# What the task requires
Restate the data word for word. Leave the pictures out.

# Provided material

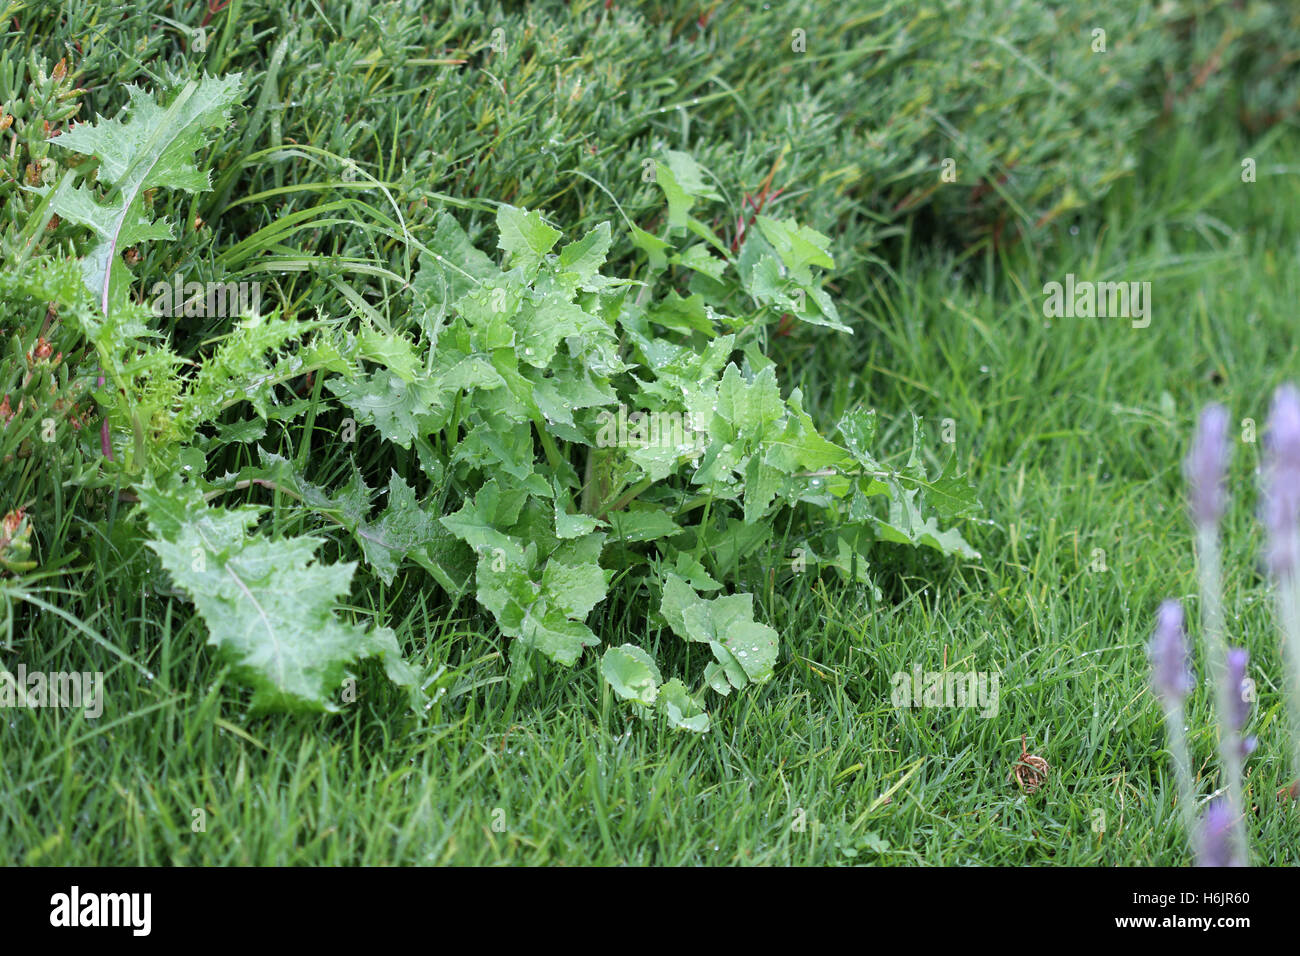 Sonchus oleraceus or also known as Sow Thistle growing near the grass Stock Photo
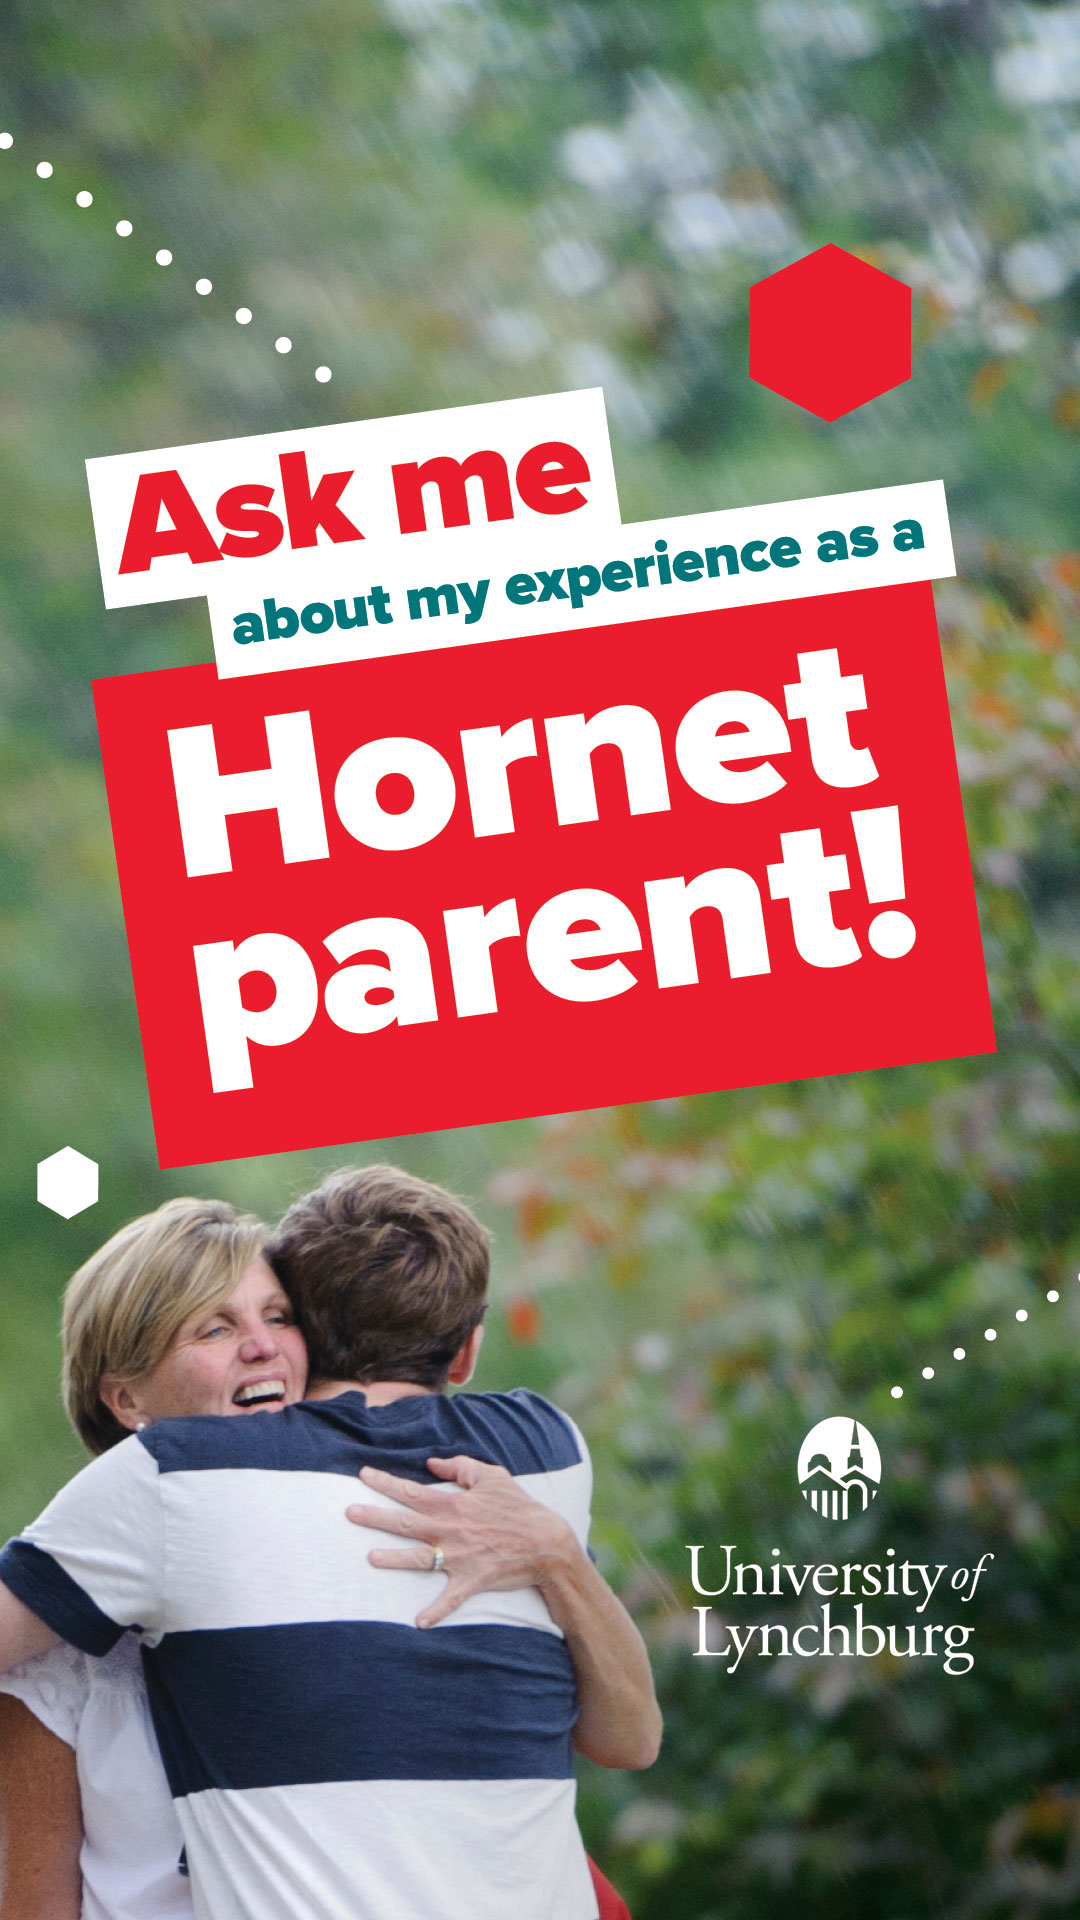 A photo of a mother and son hugging, with the following text: Ask me about my experience as a Hornet parent! University of Lynchburg
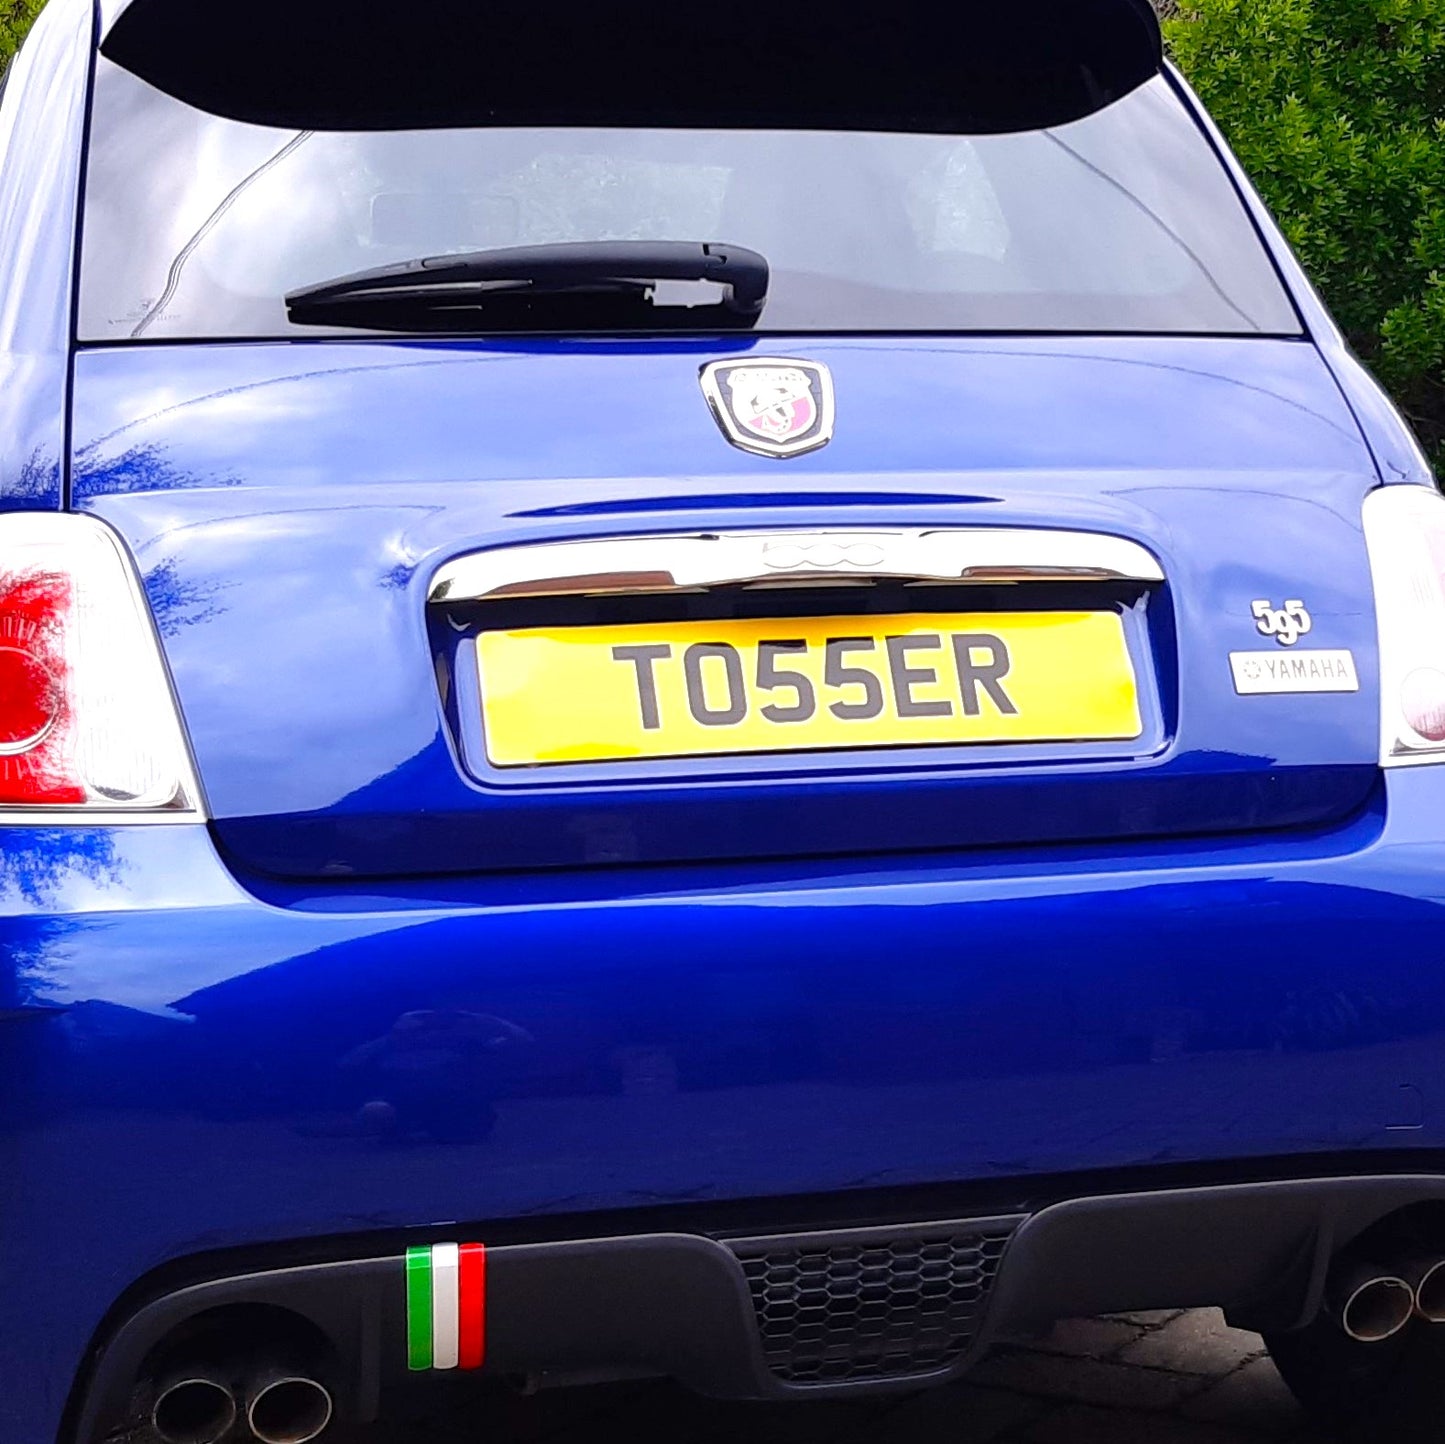 2 Joke Number Plate Stickers With "TO55ER"

# Task solution
 Sonchus oleraceus or also known as Sow Thistle growing near the grass Stock Photo
 A photo of a mother and son hugging, with the following text: Ask me about my experience as a Hornet parent! University of Lynchburg
 2 Joke Number Plate Stickers With "TO55ER"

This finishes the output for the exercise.